Task to complete:
With the pictures left out, return exactly the lines from the one containing "How to Automate" through the end of the listing below.

+++ Given information

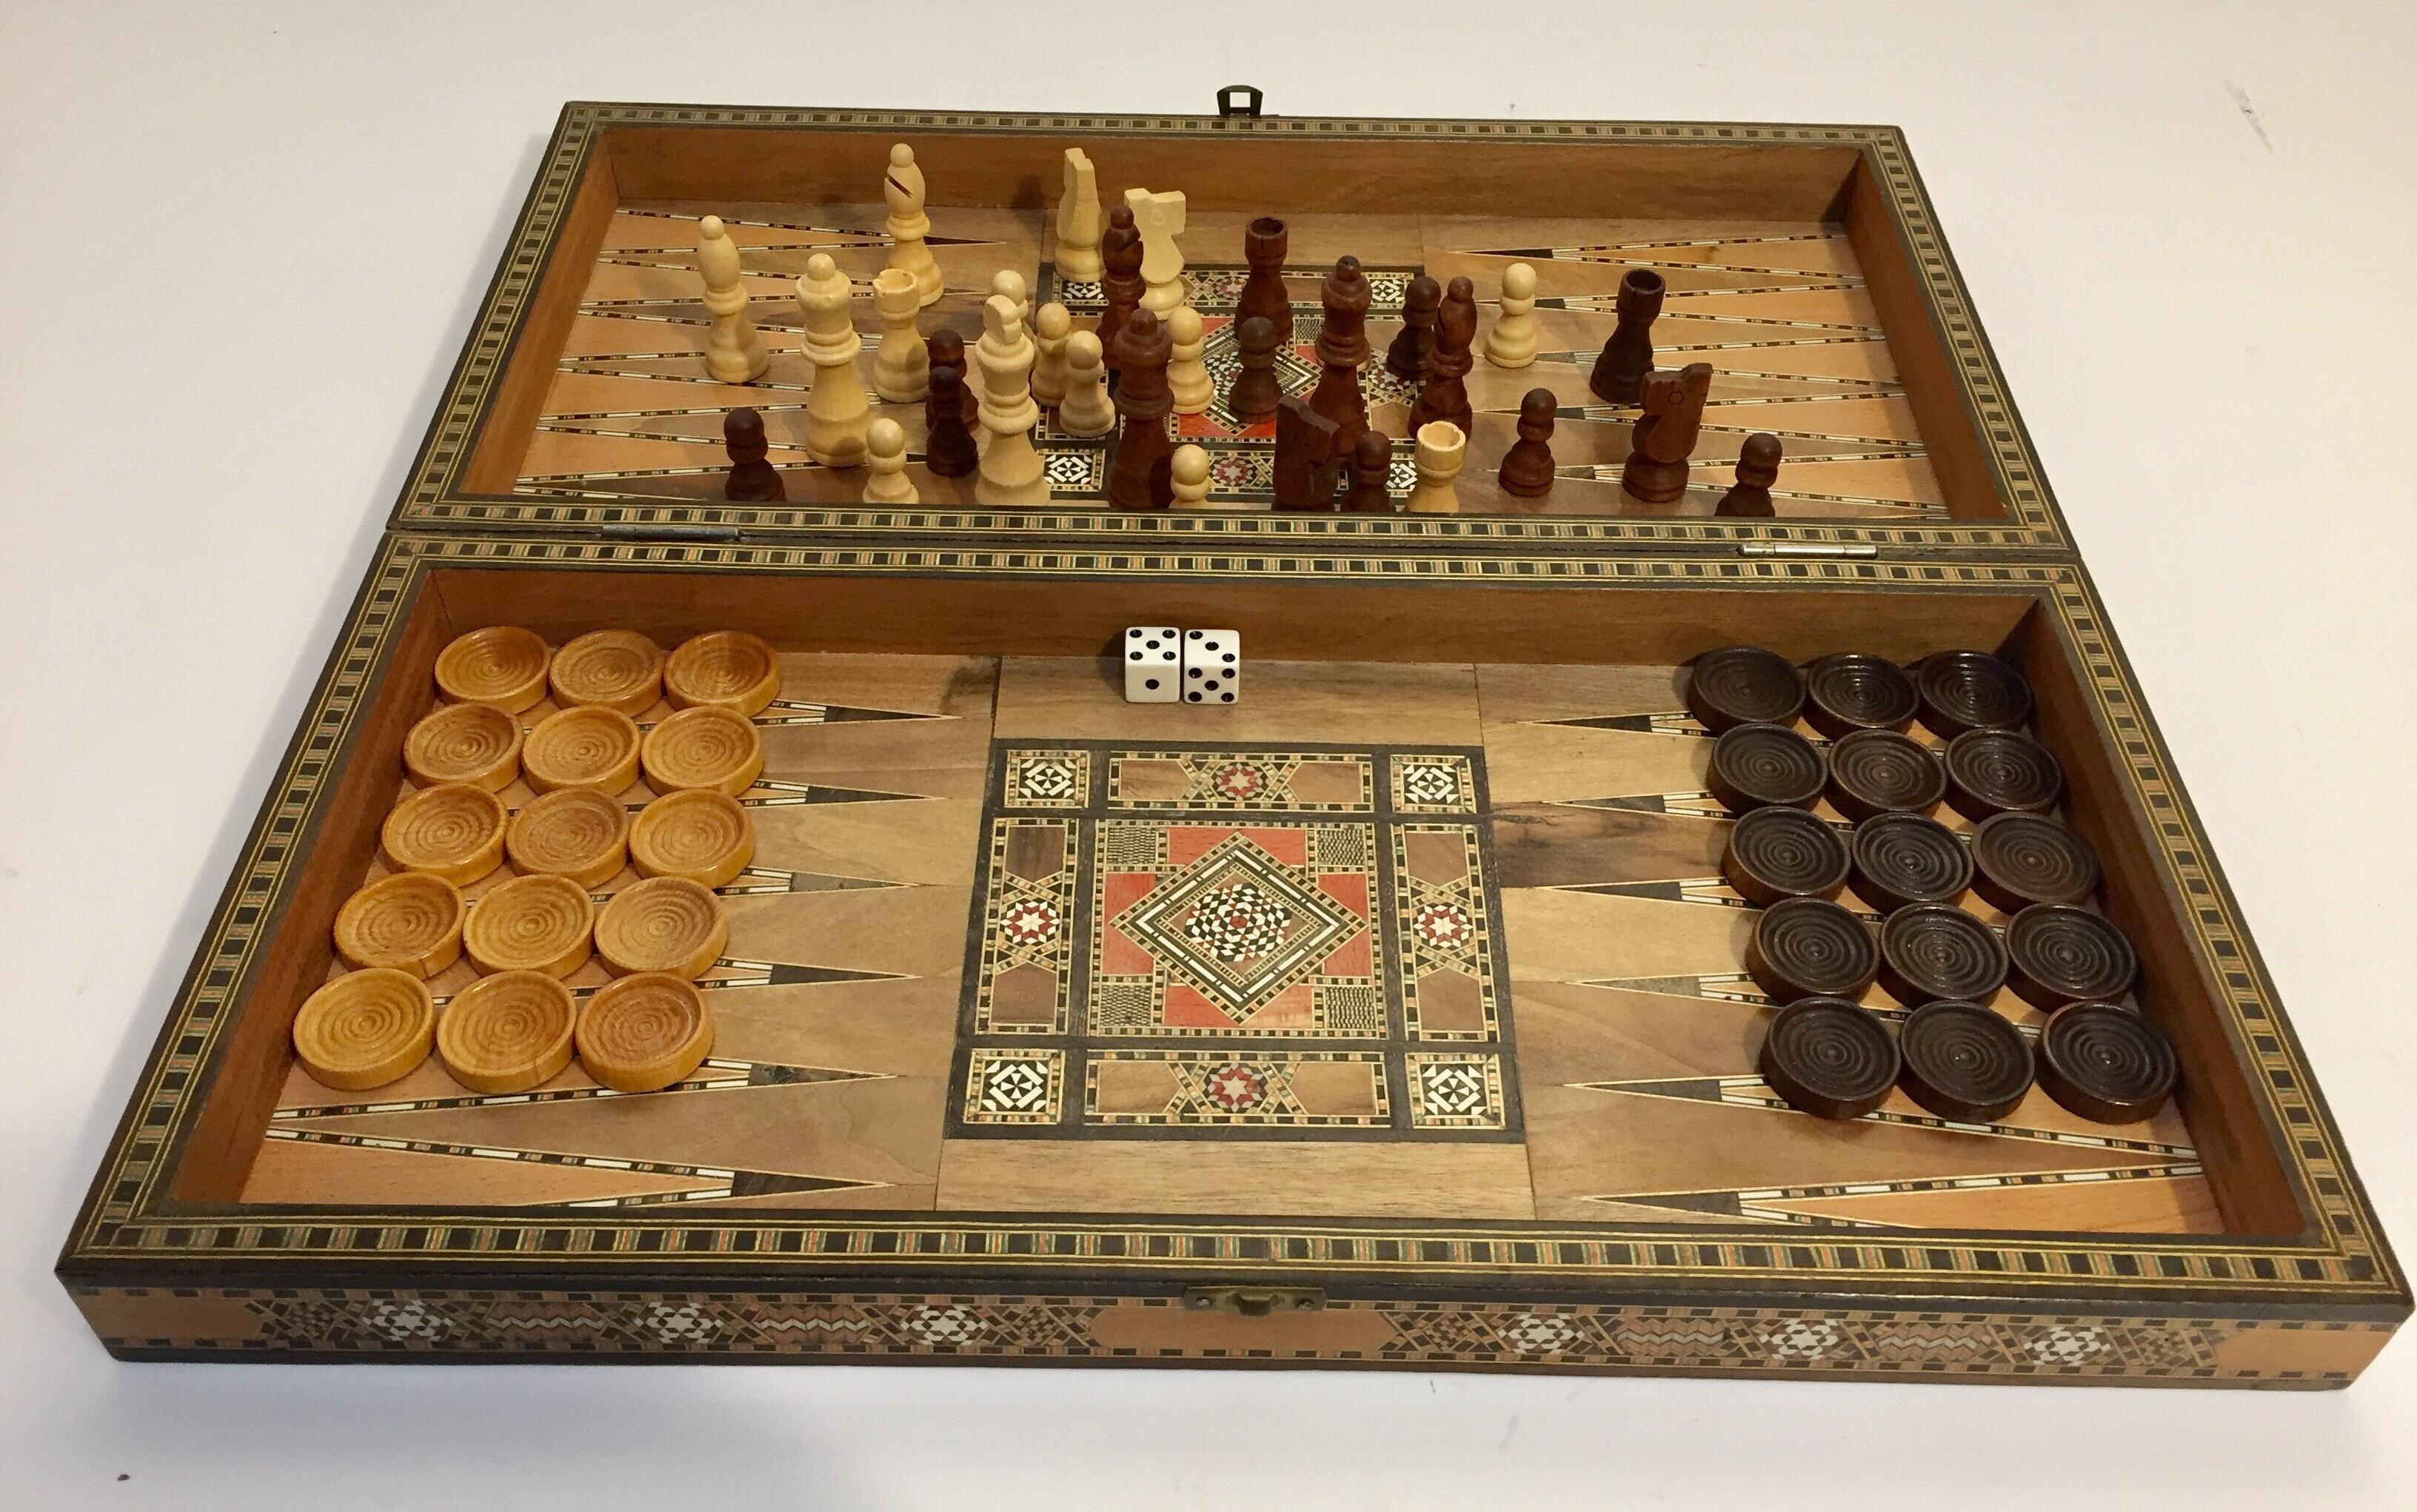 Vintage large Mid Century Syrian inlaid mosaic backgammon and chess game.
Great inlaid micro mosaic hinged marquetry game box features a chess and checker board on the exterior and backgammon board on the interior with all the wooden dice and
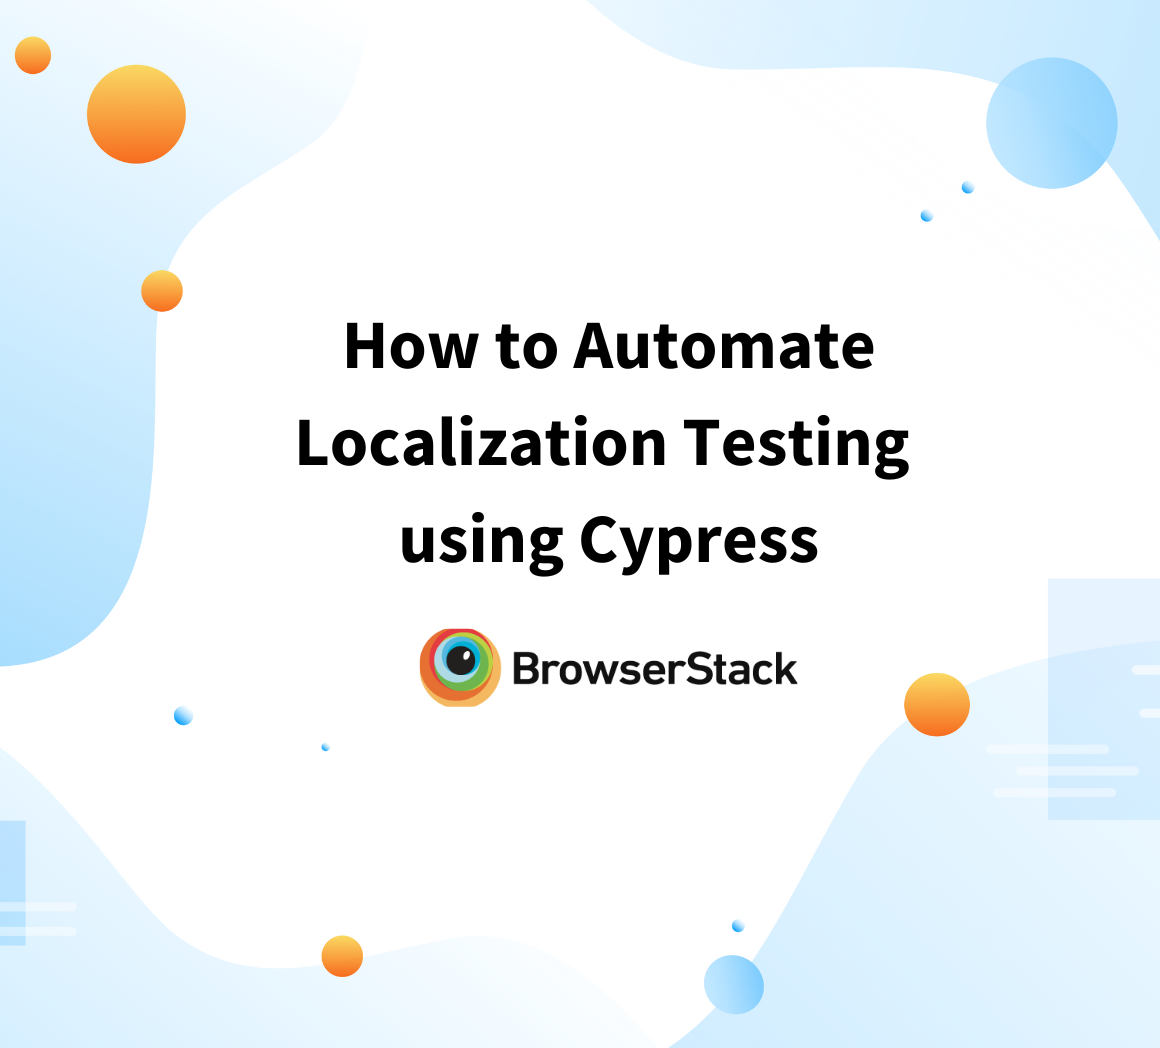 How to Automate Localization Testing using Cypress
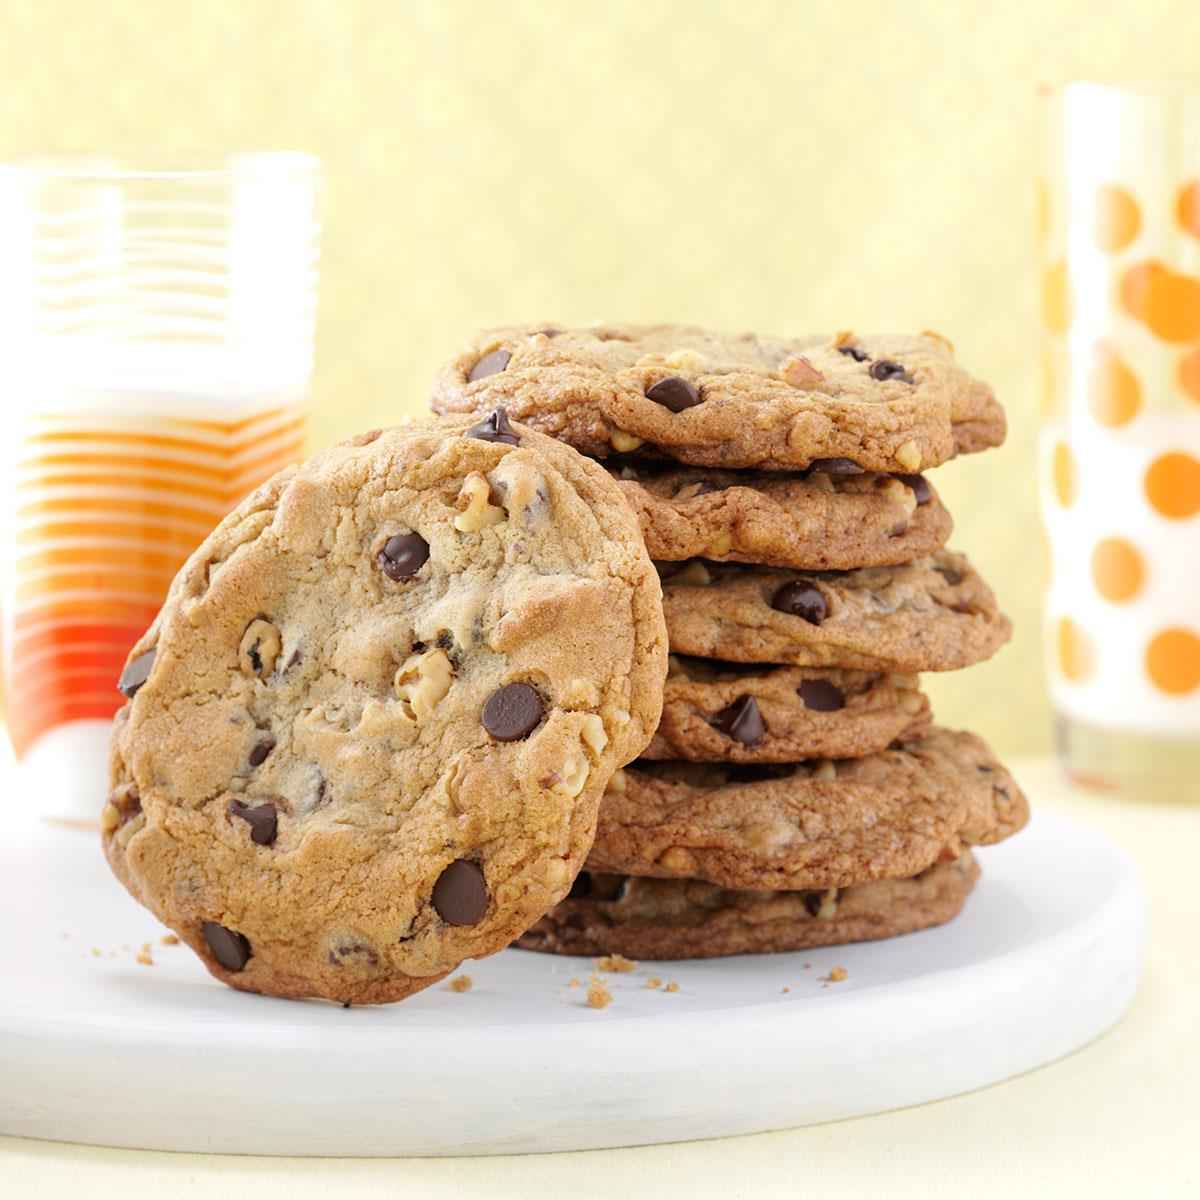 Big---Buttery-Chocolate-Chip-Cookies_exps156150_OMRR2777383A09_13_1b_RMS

++++++

Result for this task:
 How to Automate Localization Testing using Cypress
 Big---Buttery-Chocolate-Chip-Cookies_exps156150_OMRR2777383A09_13_1b_RMS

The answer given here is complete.